A few hours later, having phoned the lodge to let them know that Janet and Robbie were going to be all right, Ryan sat with her arm around her kid sister on a black couch in the waiting room of the clinic. "You okay, kid?"
Rebecca shrugged. "I'm used to it. I was raised on adrenalin rushes evoked from family moments of terror and near panic. I hear other families associate their moms with common place things like cookies and milk. Hard to believe if you ask me."
Ryan chuckled. "We did get cookies and milk."
Reb rolled her eyes. "Yeah, after the crisis was over. Do you remember the time you nearly drowned me in the firestorm?"
Ryan tugged a piece of her sister's hair. "You are not still holding a grudge, are you?"
"Oh course, I am," she joked. " I wonder if Ian will still be taking me to the dance at the hall?"
Ryan lifted her arm from the back on the seat and stood up and stretched. "Not much to him if a little thing like a couple of Williams nearly being buried alive bothers him."
Reb smiled. "Good point."
Reb picked up a magazine to read and Ryan paced around the small room. For a few minutes there was silence except for the soldier's soft tread.
The door opened and Mac stuck her head in. "Hi, any other news?"

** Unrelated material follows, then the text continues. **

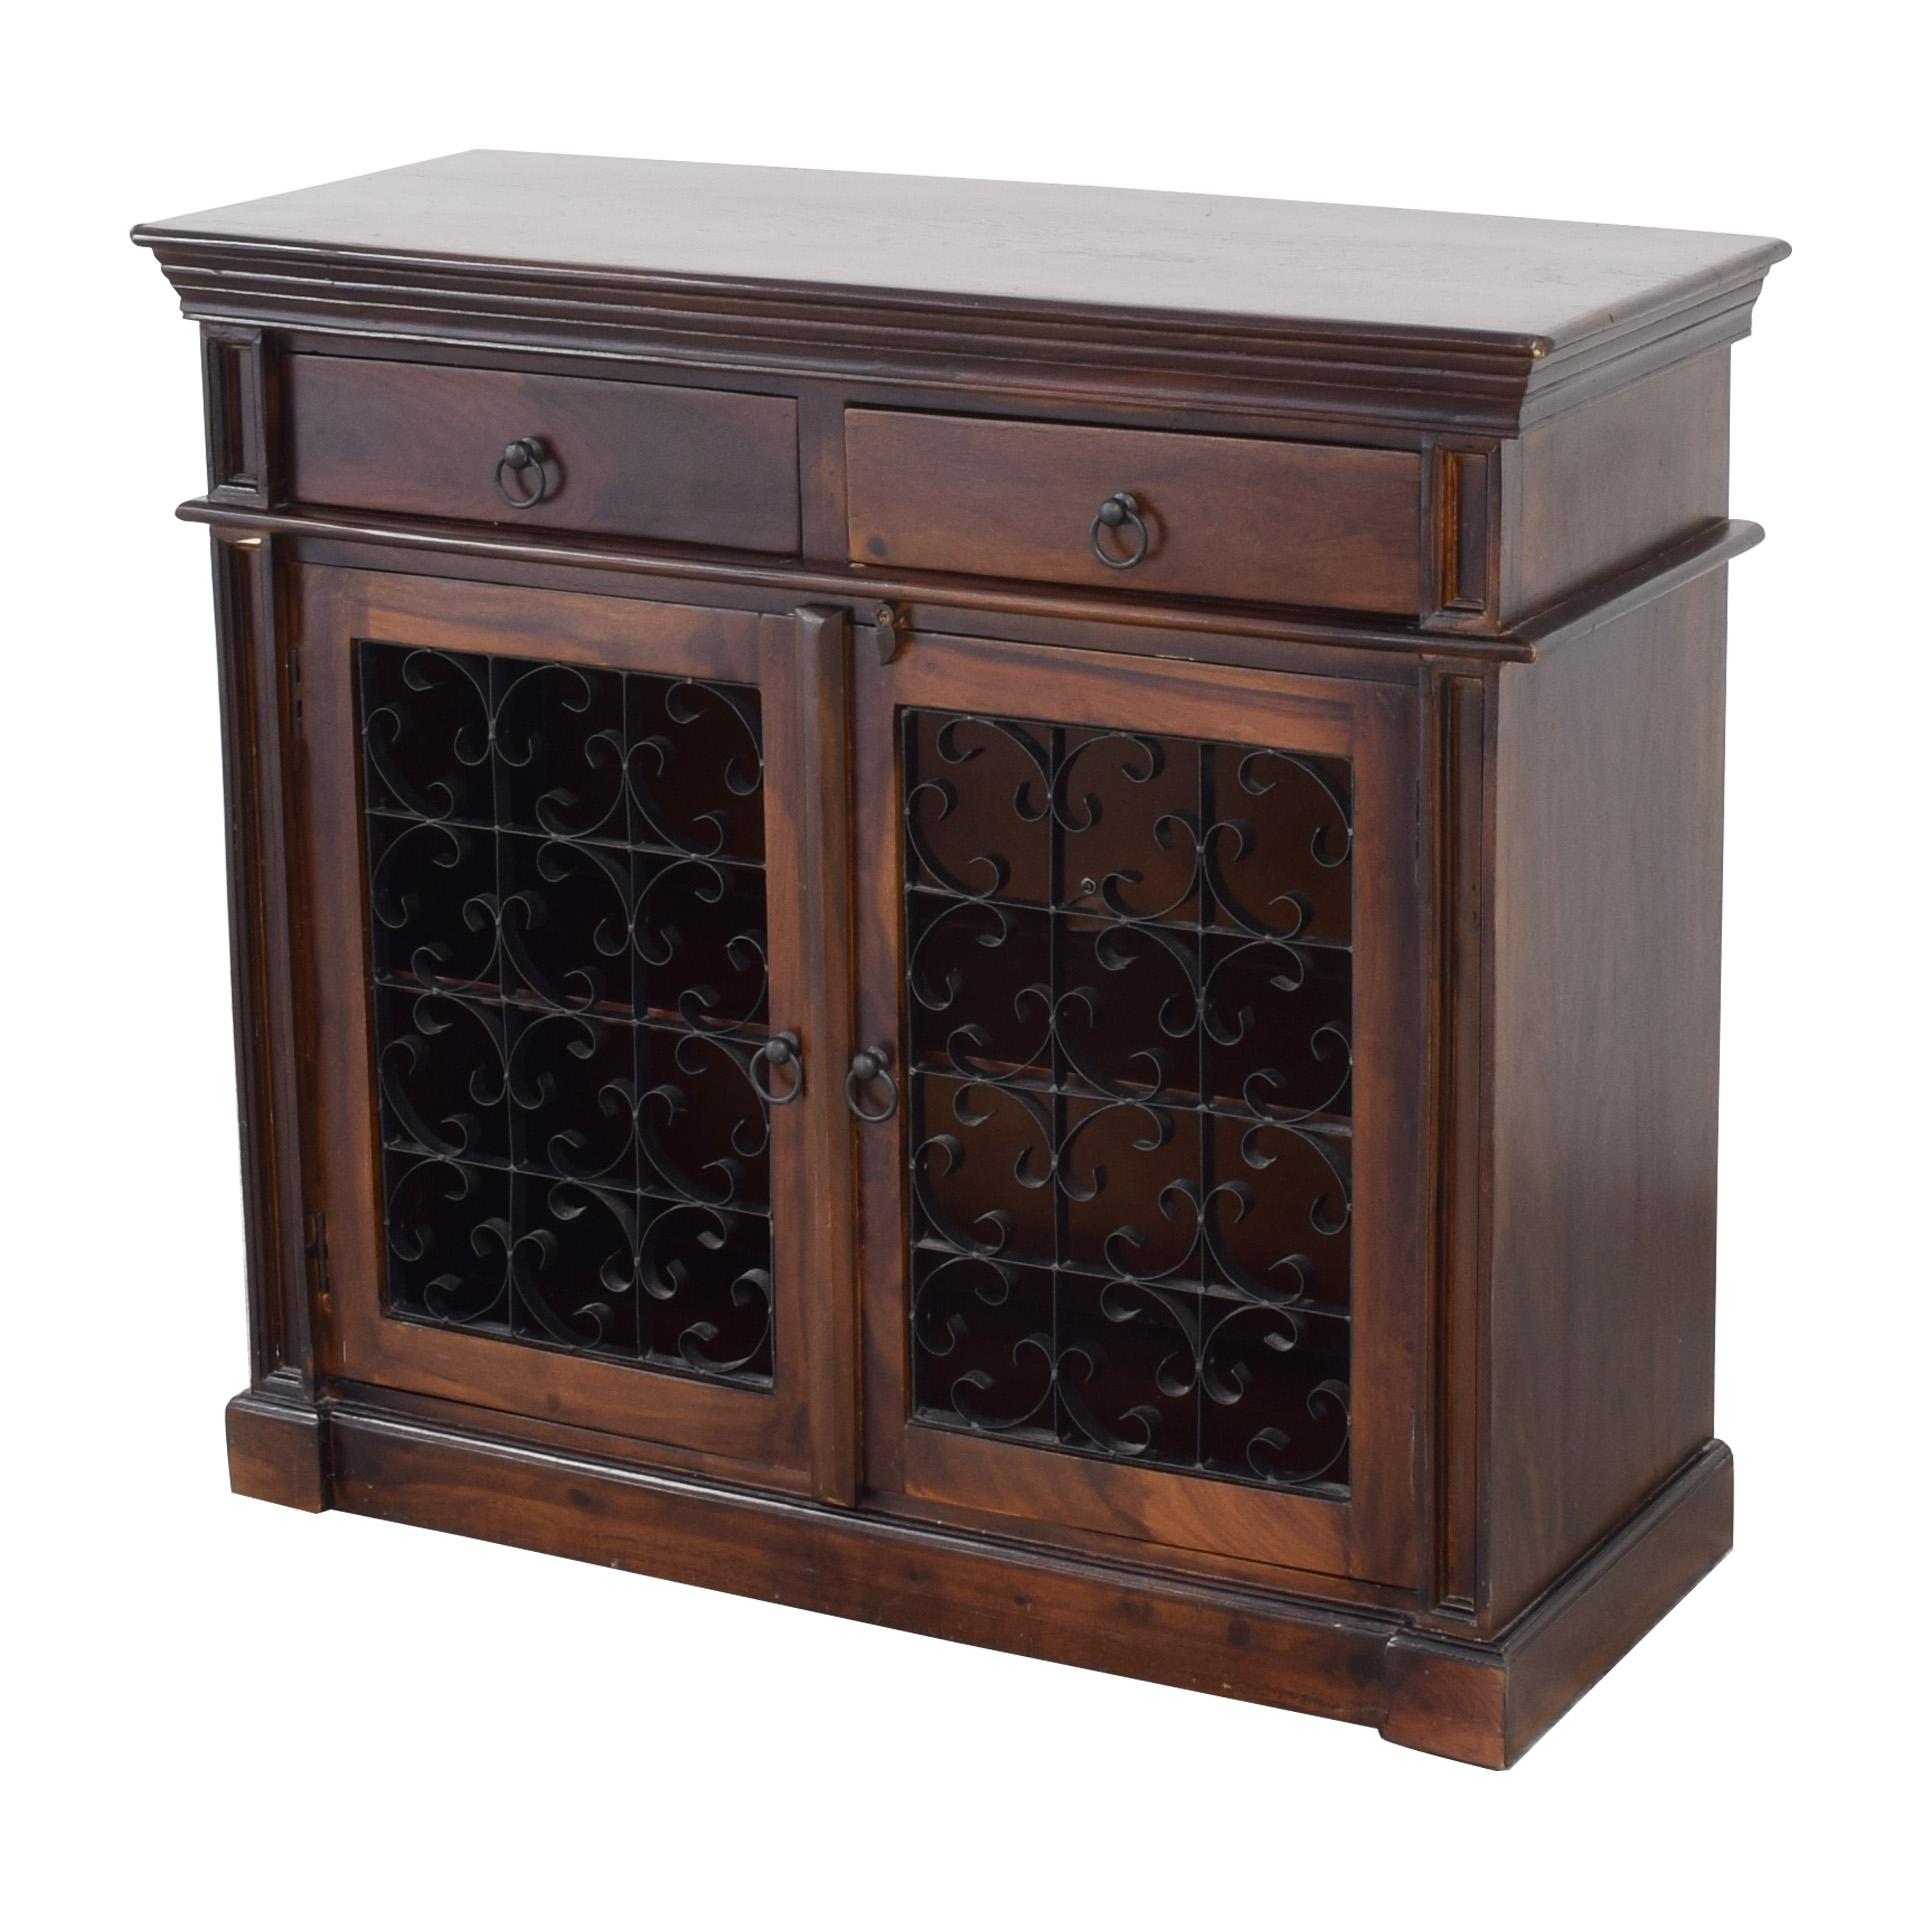 Pier 1 Pier 1 Bar Cabinet Storage

"The doctor said they both look in good shape but he won't release them until he is sure mom's breathing is okay. He said you did a great job. The stone lodged in her throat probably saved her because it stopped her from getting dirt on her lungs."
"Good. Ryan, I need to talk to you. Can you step out here for a minute?"

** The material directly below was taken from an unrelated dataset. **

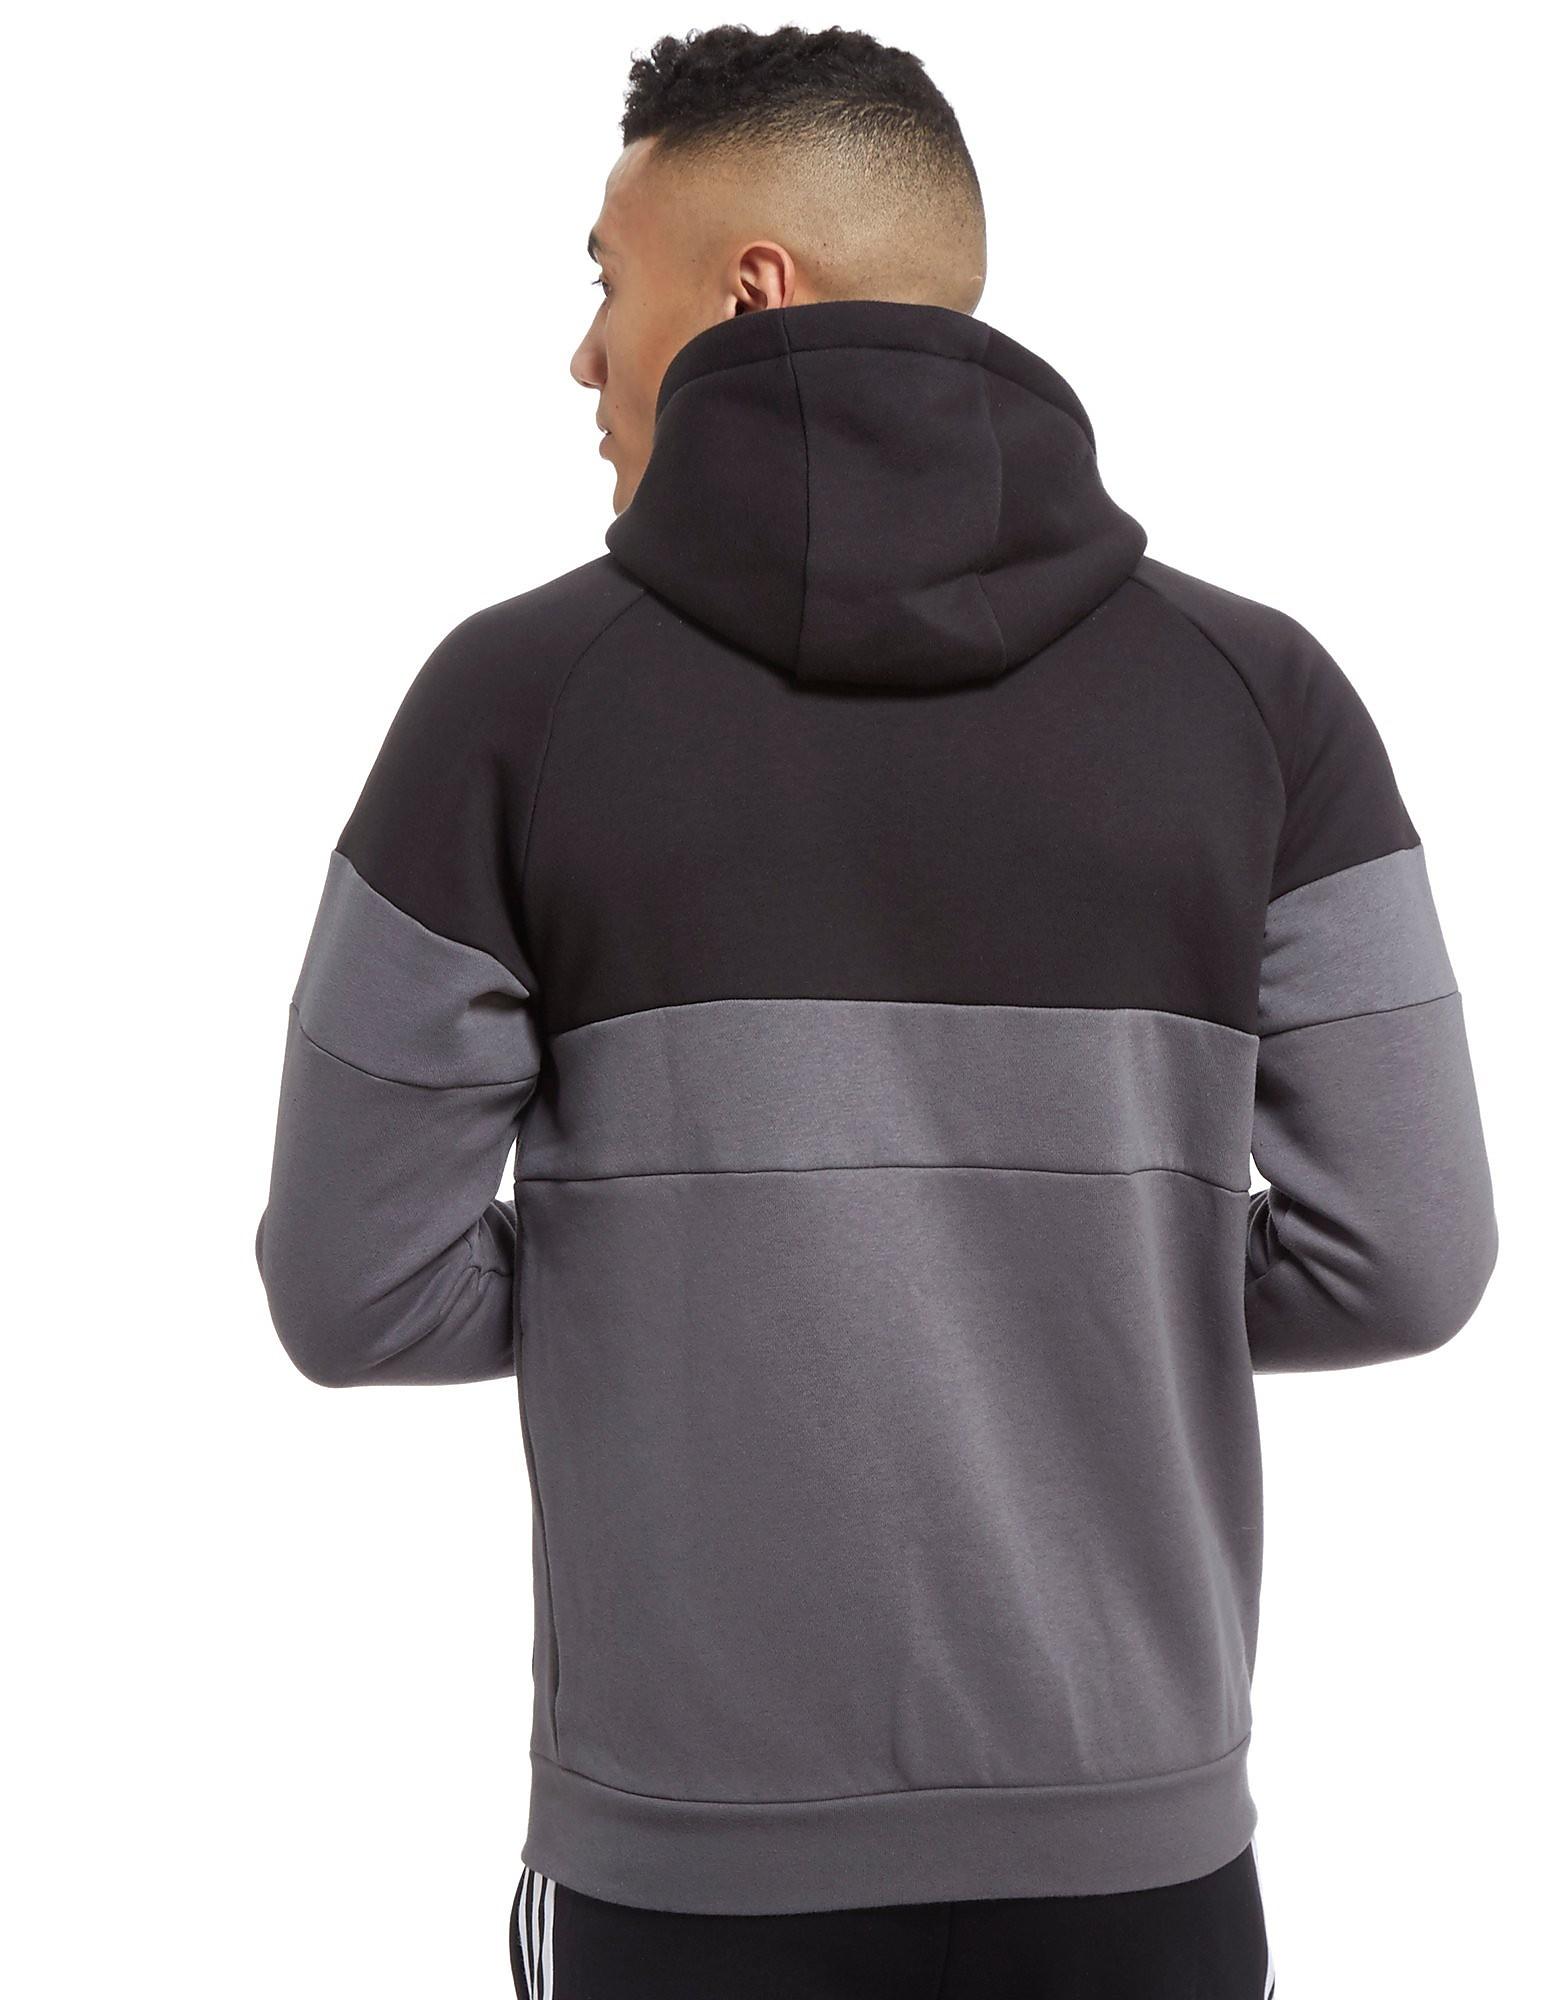 adidas Originals NMD Full Zip Felpa con Cappuccio

Ryan suddenly became aware of the serious frown and Mac's worried eyes. Her heart contracted. "Sure. Back in a minute, Reb."
Out in the hall, Mac gave Ryan a tender hug. "We put the news on when we got back to the house, Lover. The Columbia broke up on re-entry. There are no survivors."

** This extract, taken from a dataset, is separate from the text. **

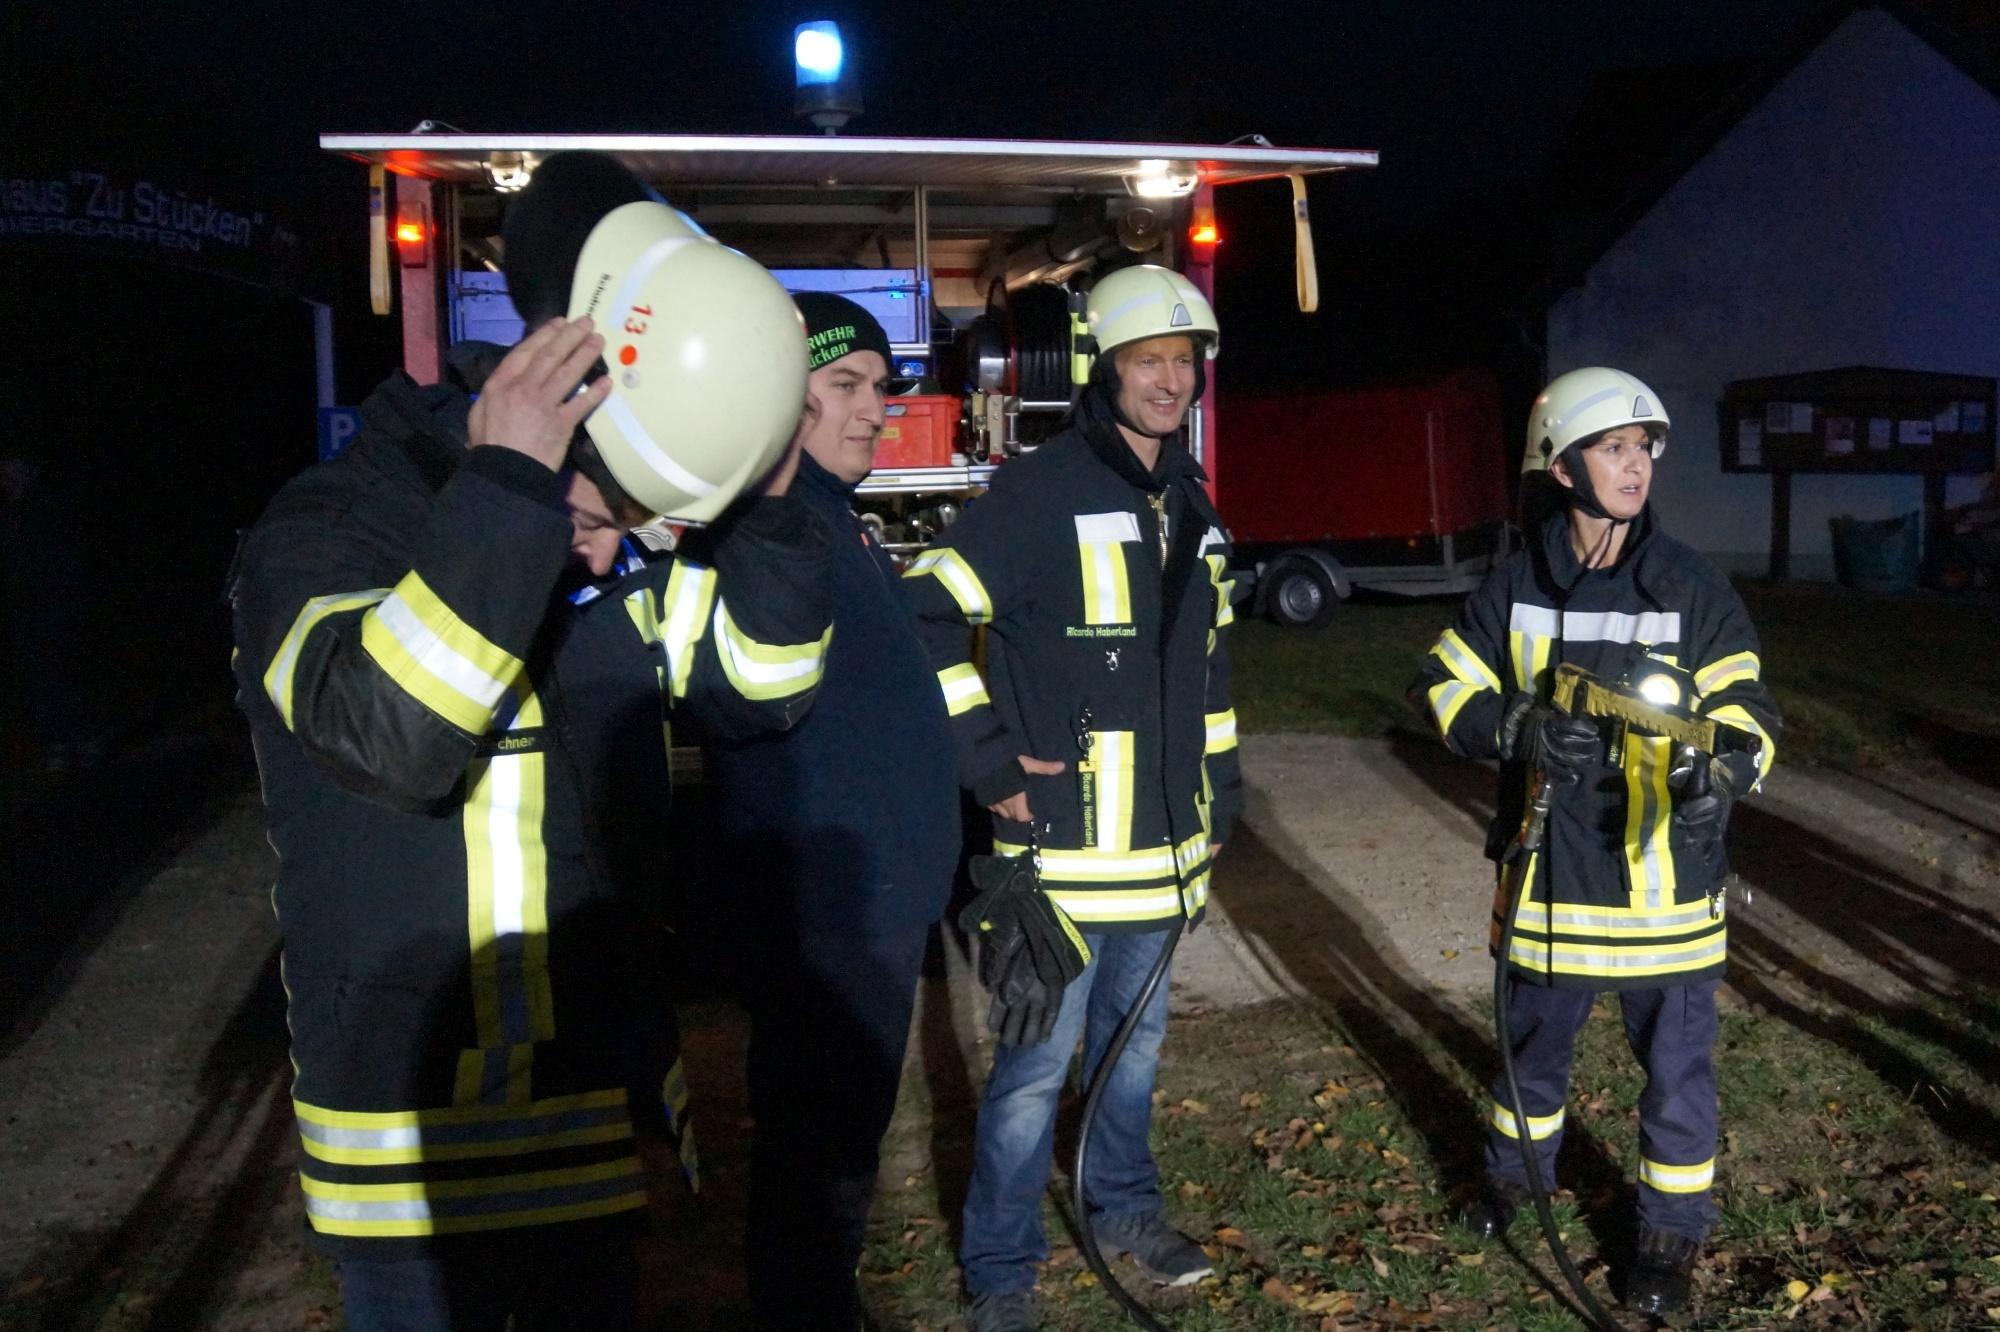 Feuerwehr_Tag_der_offenen_Tür_2018_62

Mac felt Ryan's body jerk with the shock then still. "No, there wouldn't be." She pulled Mac to her and held on to the small woman, needing her quiet strength and warmth.
"You go on home so you can follow the reports as they come in. I'll stay here and bring Reb and your moms home when they are released."
Ryan nodded into soft, fragrant hair. "Thanks. I love you."
Mac held her close for a second before stepping back. " I love you too. Now go. I'll handle things here."
Reb looked up in surprise as Mac came in the door and her thoughtful, intelligent eyes followed her cousin as she crossed the room and sat down beside her. "What's up?"
"The shuttle broke up on re-entry. Everyone's dead. I sent Ryan home so she could watch the bulletins on TV."
"Oh no. Did Ryan know them?"
"I don't know, Reb. I imagine though she identifies pretty strongly with those who have gone before."
Reb nodded then sighed and rolled her eyes. "Another family member I have to worry about."
Mac smiled. "I'll be around to help. Would you feel more comfortable if Ryan wasn't in the space program?"
"Yes, but I'm proud of her. This is something she has always wanted to do. I want it for her."
"Think you could train Dufus to wear a space suit and track along orbits?"
Reb laughed at the ridiculous thought of a big, shaggy dog face looking out through a space helmet. "Well, they have had dogs in space before but not quite as big as Dufus. He'd need a booster rocket for sure."
Janet, tired and sore, sat beside Robbie's bed holding her hand. Robbie, looking worn out and a bit dirty still around the edges, looked up at her. "I've been thinking."
"That is always dangerous. Please tell me it does not involve having to get out of this chair. Every muscle and bone in my body is on strike."
Robbie's beautiful and expressive eyes clouded with distress. "I'm sorry for dragging you in there."
A reassuring hand squeezed hers. "Hey, we were having fun together. Good adventures, even Saturday afternoon ones, always have an element of risk."
"That's what I need to talk to you about."
Janet looked at her partner and saw the determined, serious set of her jaw. "Okay. I'm listening."
"It's this breast thing."
Janet rolled her eyes.
"No, wait, give me a chance. The other day you made me realize that this was important to you. Important enough that you were willing to go it alone if I wasn't going to support you."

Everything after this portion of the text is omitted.